Task =>
Send back the line that contains "Frisby FPA-7210AC Notebook" and all lines following it through the end of the data below, exactly, omitting pictures.

Data block =>

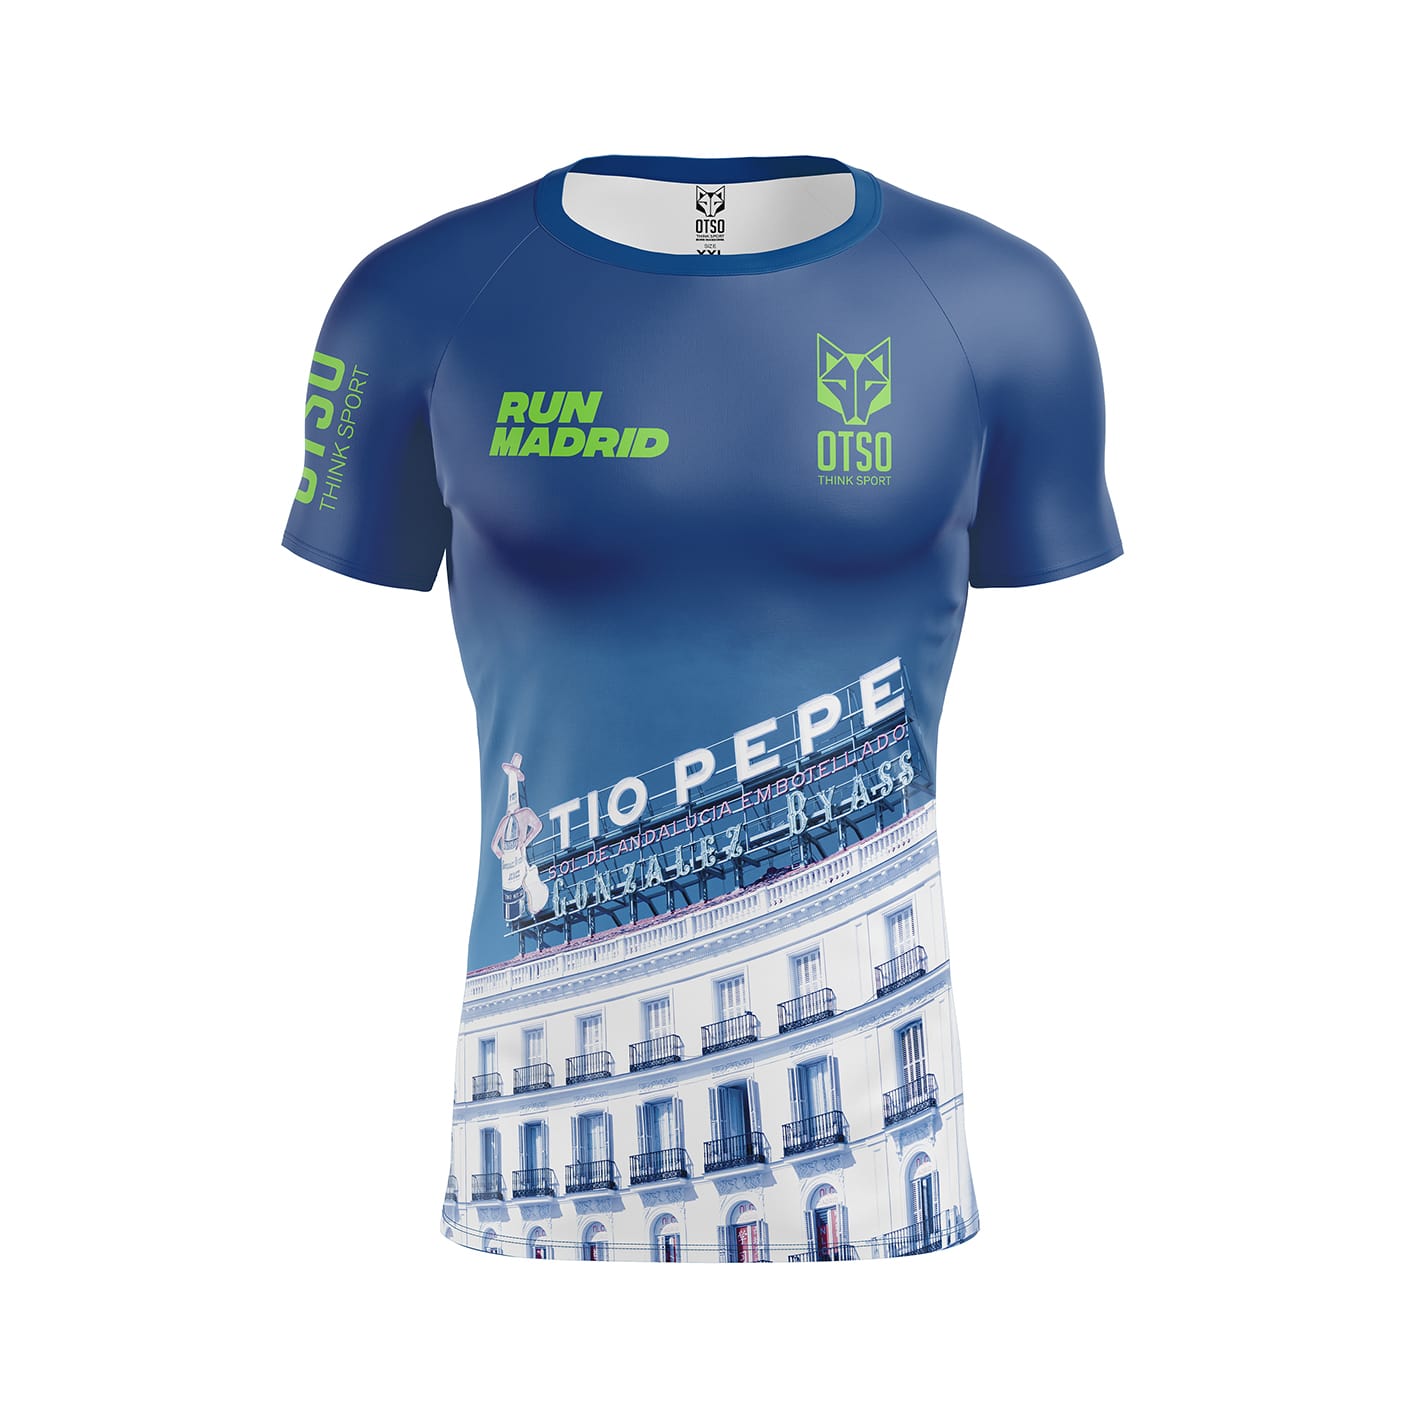 OTSO Camiseta Técnica Running Hombre Corta - Run Madrid Tio Pepe
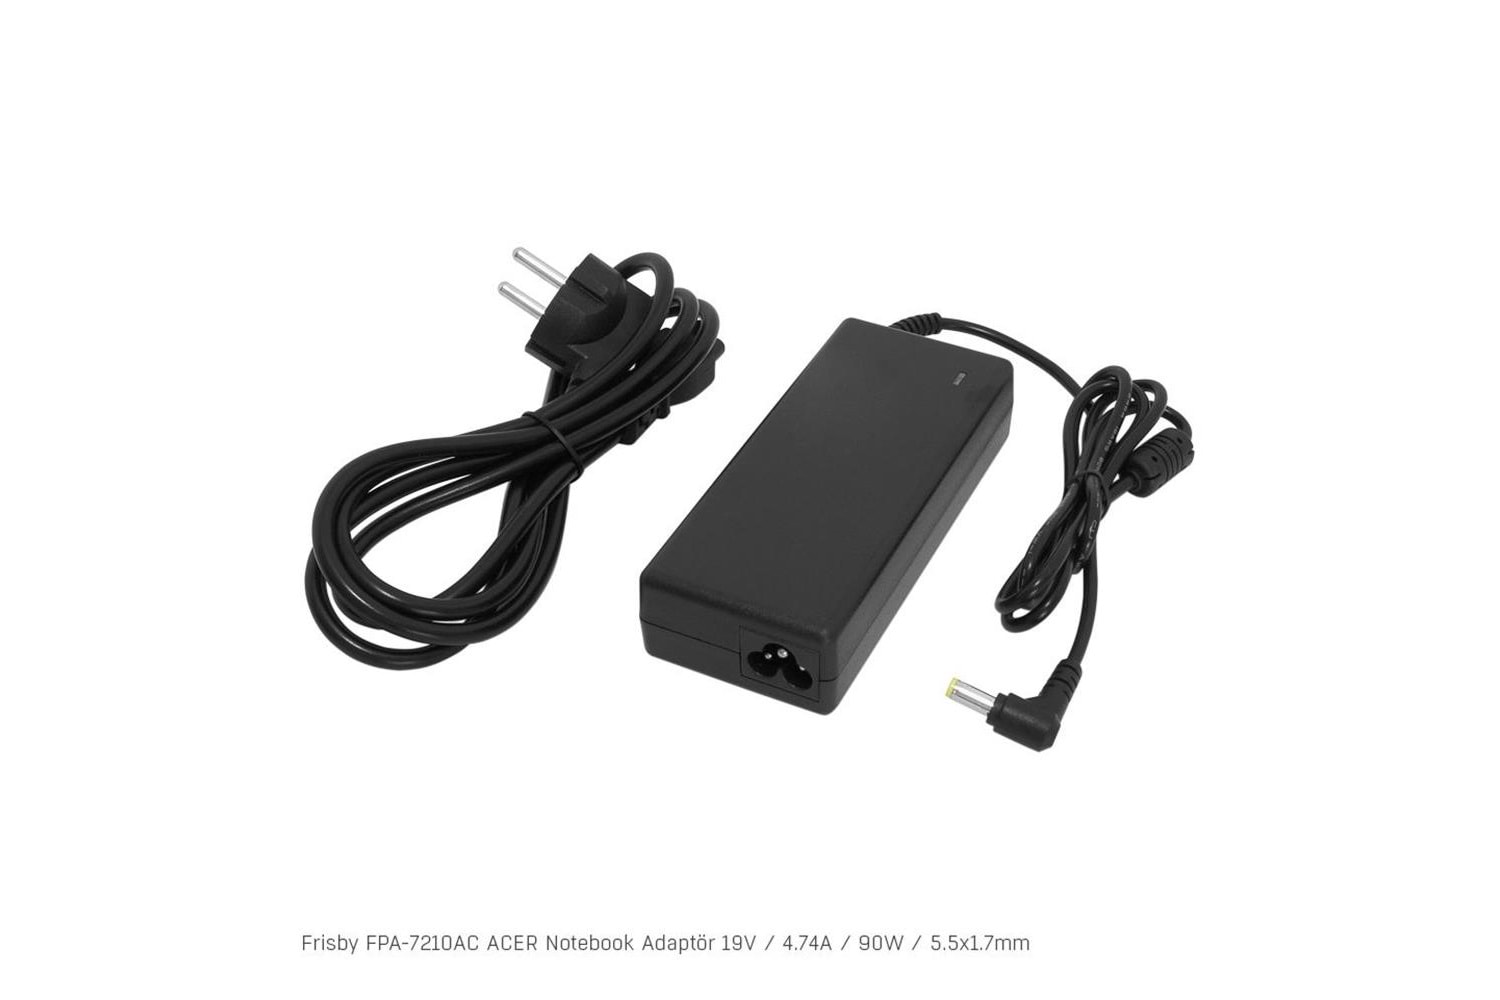 Frisby FPA-7210AC Notebook Adaptör (Acer) 19V 4.74A (Uç Boyutu : 5.5 x 1.7 mm)
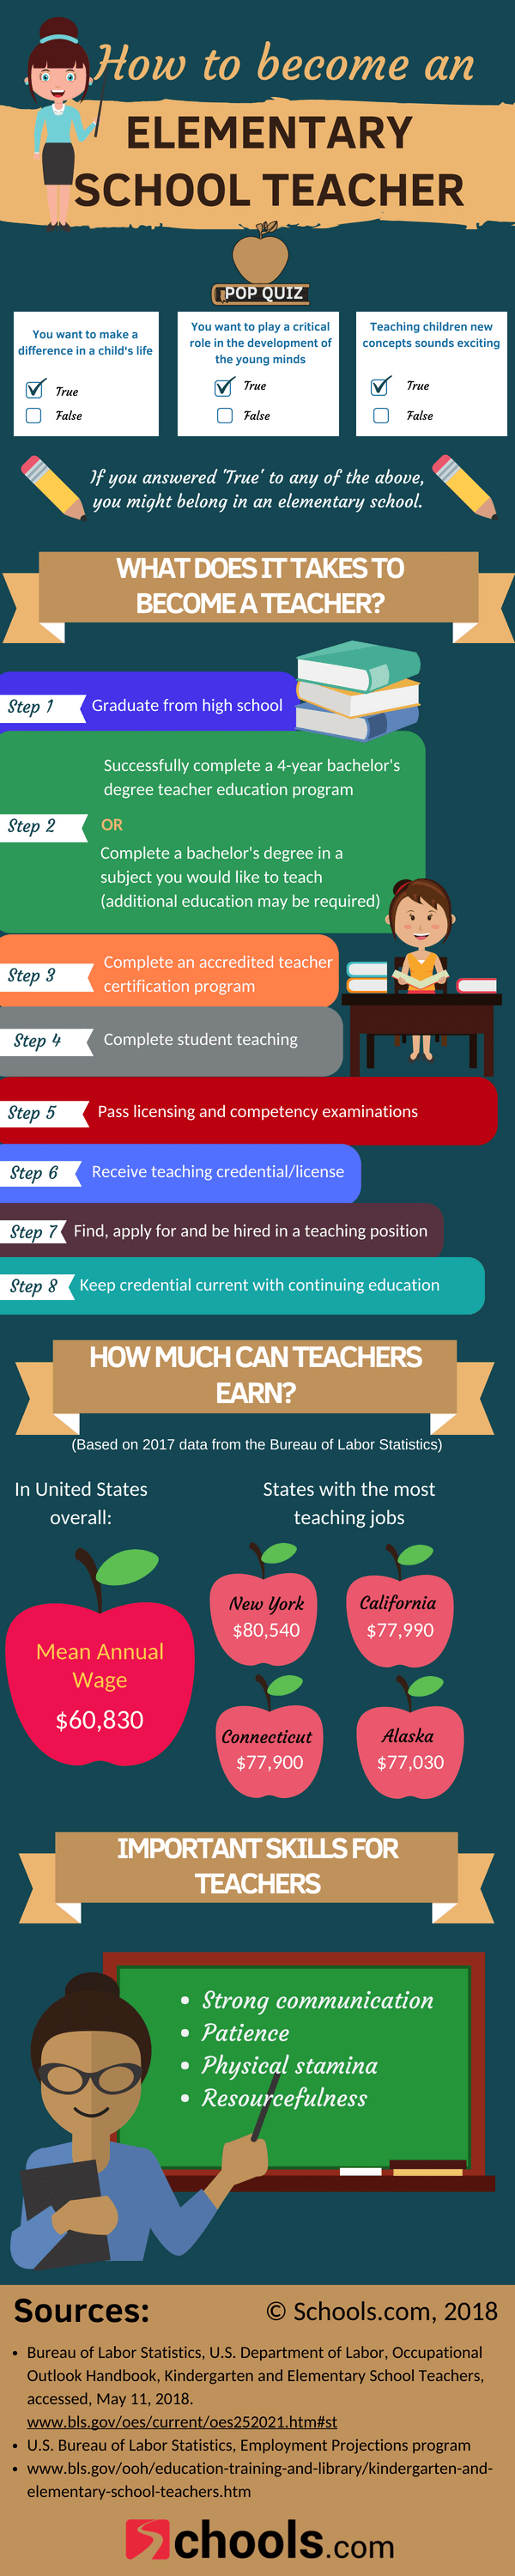 how to become a school teacher

Answer to the problem =>
 Frisby FPA-7210AC Notebook Adaptör (Acer) 19V 4.74A (Uç Boyutu : 5.5 x 1.7 mm)
 how to become a school teacher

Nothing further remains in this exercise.